Boston does matter
Recently, a recruiter who called me about a job in San Francisco told me that Boston doesn’t matter anymore. She meant that it doesn’t have market-changing tech companies in the way it did in the 1980s, so publishers don’t need to have full-time reporters here. That’s kind of true; most of Boston’s big winners in the last 15 years have been in biotech or medical devices. The most prominent tech companies now are Google, Facebook, Amazon and Apple, all of which dominate consumer markets and as a side-effect of their popularity are forcing companies to remake what they do. None of these companies are based in the Boston area, and except for Amazon, they’re all helping to drive the tech economy in Silicon Valley. Boston remains a flourishing place for technology development, but measured by venture investing it’s about a quarter of the size of Silicon Valley, making it a very large outpost.
The challenge for companies outside of Silicon Valley is stock price. Silicon Valley companies dominate the most valuable tech companies when measured by stock price: Apple, Google and Facebook are 1, 2 and 5. Microsoft (Seattle) is 3, IBM (New York) is 4. Silicon Valley’s Oracle, Intel and Cisco are 6, 9 and 10. Seattle’s Amazon is 7, San Diego’s Qualcomm is 8. The Boston area’s most valuable tech company is EMC, which is valued at about half of Cisco. By this measure, Boston is not very relevant. Plus, this analysis by Jeff Bussgang and Juan Leung Li show that it’s been 13 years since a Boston tech company was founded that reached a multi-billion dollar valuation.
Stock prices are one reason why. Companies like IBM and Oracle have stock values near $200 billion. That gives them the ability to just buy companies that have good ideas and have grown to a certain point, where IBM and Oracle can then suck them into their suite of software. Oracle did it to Endeca in 2011, buying that fast-growing Cambridge company for $1 billion.
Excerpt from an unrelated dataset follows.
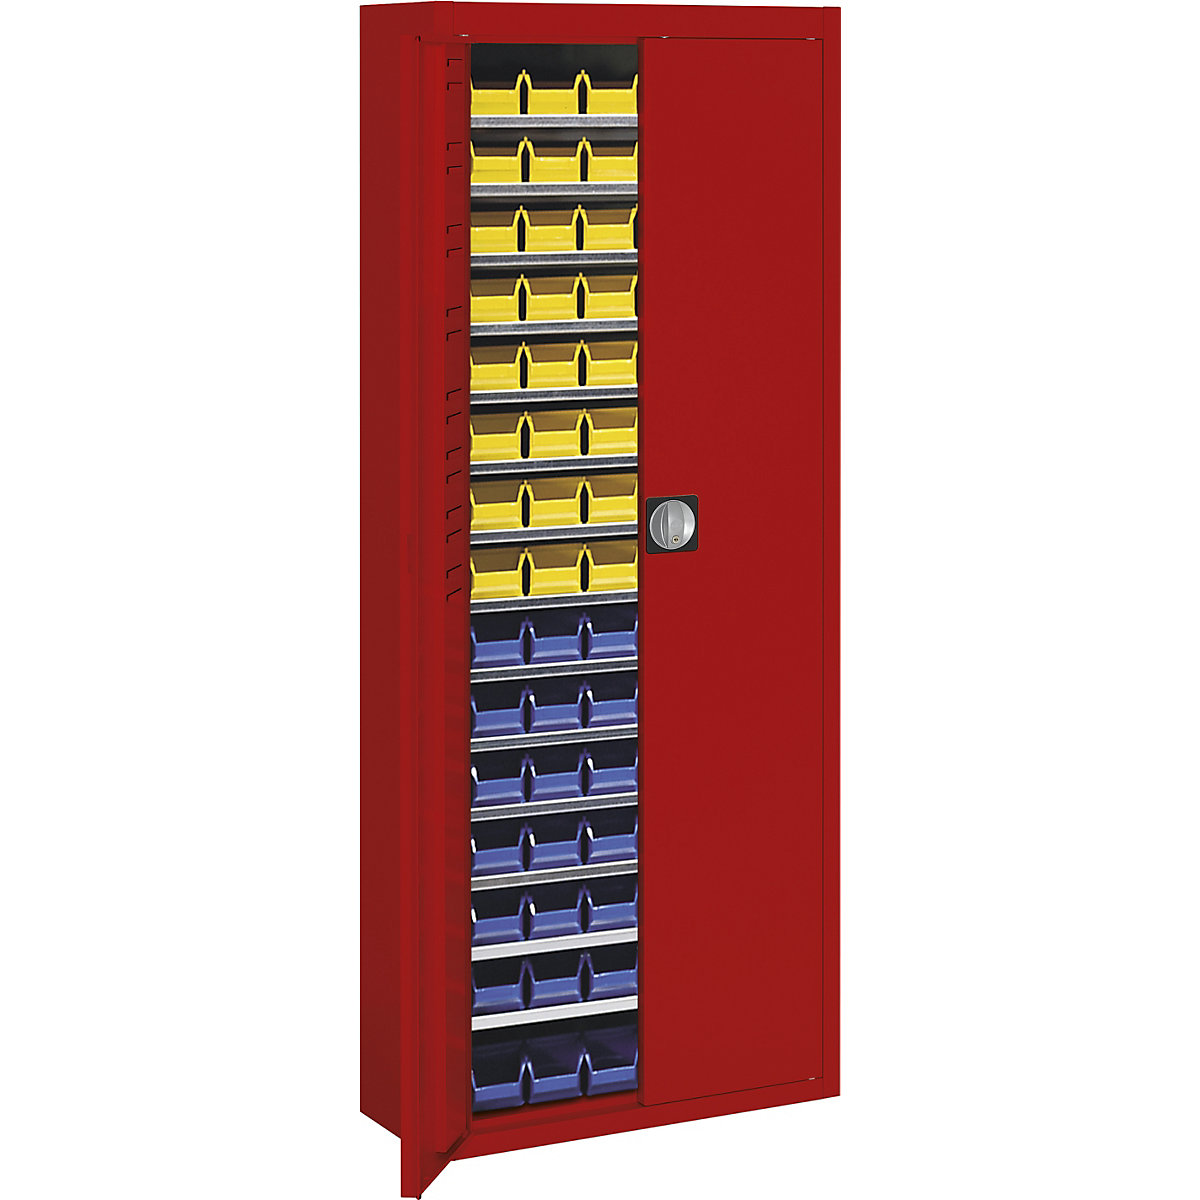 Skladiščna omara z odprtimi skladiščnimi posodami – mauser, VxŠxG 1740 x 680 x 280 mm, ena barva, rdeča, 90 posod-3

Still, I’ve spent the last three weeks working on a story about what might be Boston’s next billion dollar tech company, and I’ve found a lot more options than that recruiter might expect. Boston has some good one-off companies and some good companies in traditional sectors. It’s already known for biotech and medical devices, robotics and data storage. I wanted to find an emergent eco-system of companies. After talking to a number of people, advertising and marketing tech seemed like the best choice. It’s a gigantic market ($400 billion a year or so just for advertising) being buffeted by the Web, mobile and social media, and there are a lot of tech companies here.
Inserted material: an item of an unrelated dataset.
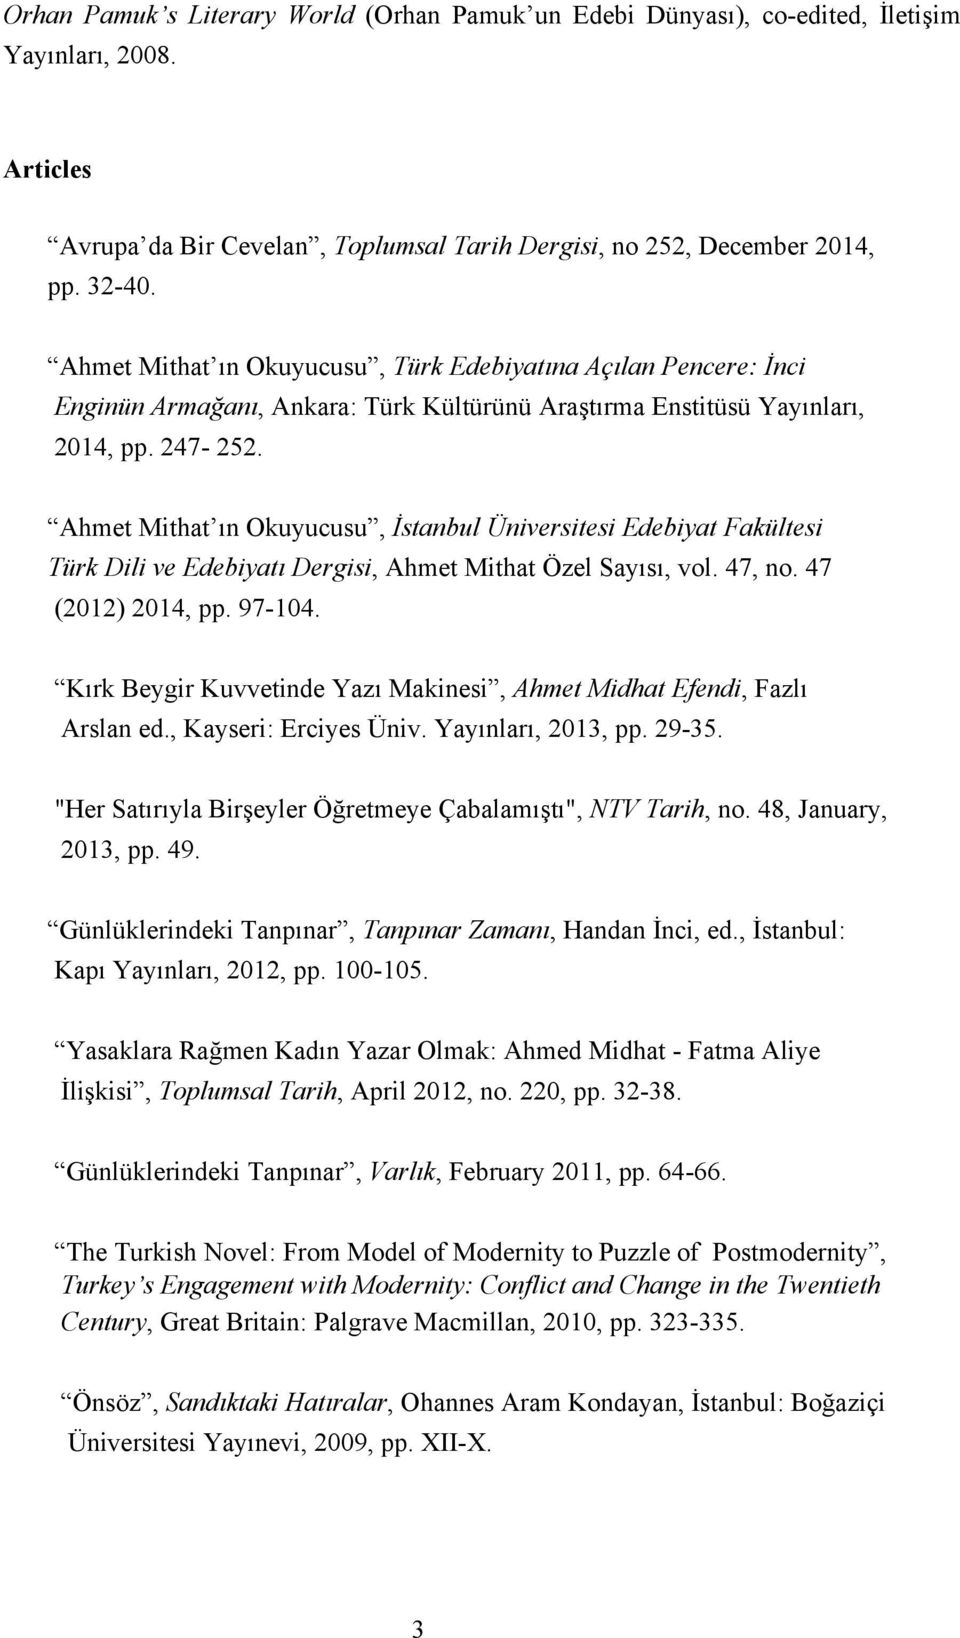 Ahmet Mithat ın Okuyucusu, İstanbul Üniversitesi Edebiyat Fakültesi Türk Dili ve Edebiyatı Dergisi, Ahmet Mithat Özel Sayısı, vol. 47, no. 47 (2012) 2014, pp. 97-104.

Boston has DataXu, Fiksu, HubSpot and Nanigans, all very fast-growing. DataXu was number five on the Inc. 500 last year and has revenues similar to Endeca’s when it was bought ($150 million or so), HubSpot doubled in sales, the other two are growing very rapidly. They each could define parts of the advertising and marketing tech market. They all started between 2006 and 2009, and there are a score or so of other notable startups here as well.
But there are enough good companies here to make my editors ask me questions.
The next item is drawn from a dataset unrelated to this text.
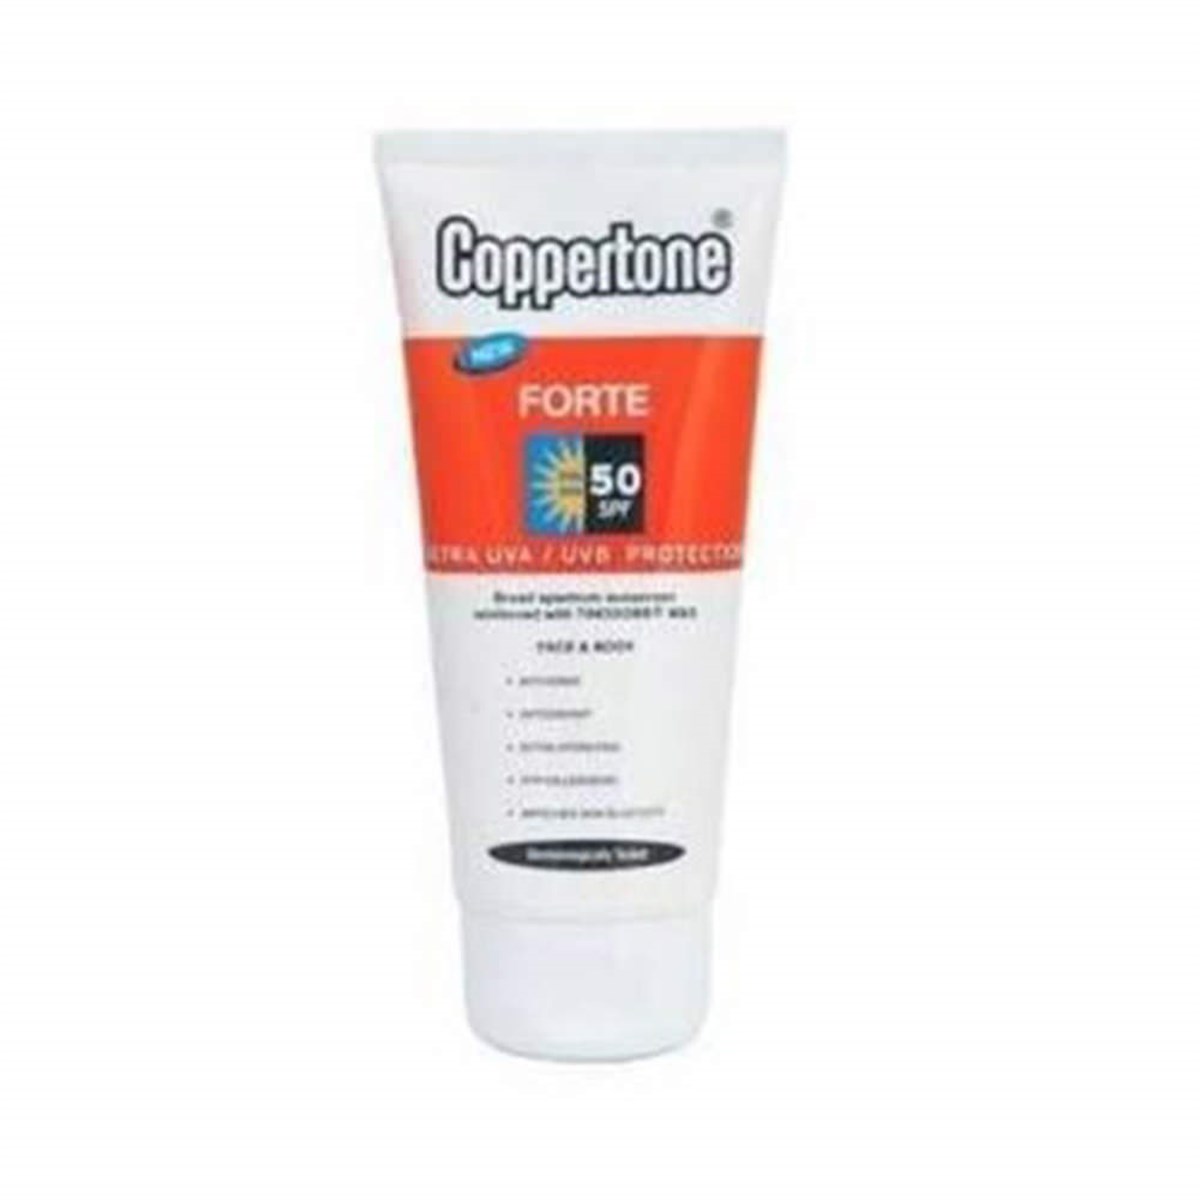 Coppertone Forte SPF 50 Krem 100 ml Yüz ve Vücut Ultra Güneş Koruyucu

Nervous editor: what about Wayfair?
Me: Good company. Almost certainly the next Boston tech company to reach a billion in revenues. But it’s not part of the traditional Boston tech world and Boston won’t be a center of e-commerce.
Nervous editor: What about Actifio?
Me: Another good company. Storage-related. That’s already a strength for Boston.
In truth, either of them could be good narratives, depending on whether they would give access and the other factors that go into making a big feature story work. They might have presented less complicated narratives. Each is in the news now, for pulling in large rounds of capital. After I filed my story, Actifio became the first Boston tech company valued at $1 billion since 2012.
I expect one or two of the companies I’m writing about will be in the news within a year for hitting the same milestone.
That there are multiple companies growing quickly in multiple areas bodes well for Boston. The vast stock market capitalizations of companies not based here mean it will be a challenge for these companies to stay independent, Wayfair and Actifio included. But with such a vibrant, diverse startup scene, recruiters ought to be calling me about jobs here.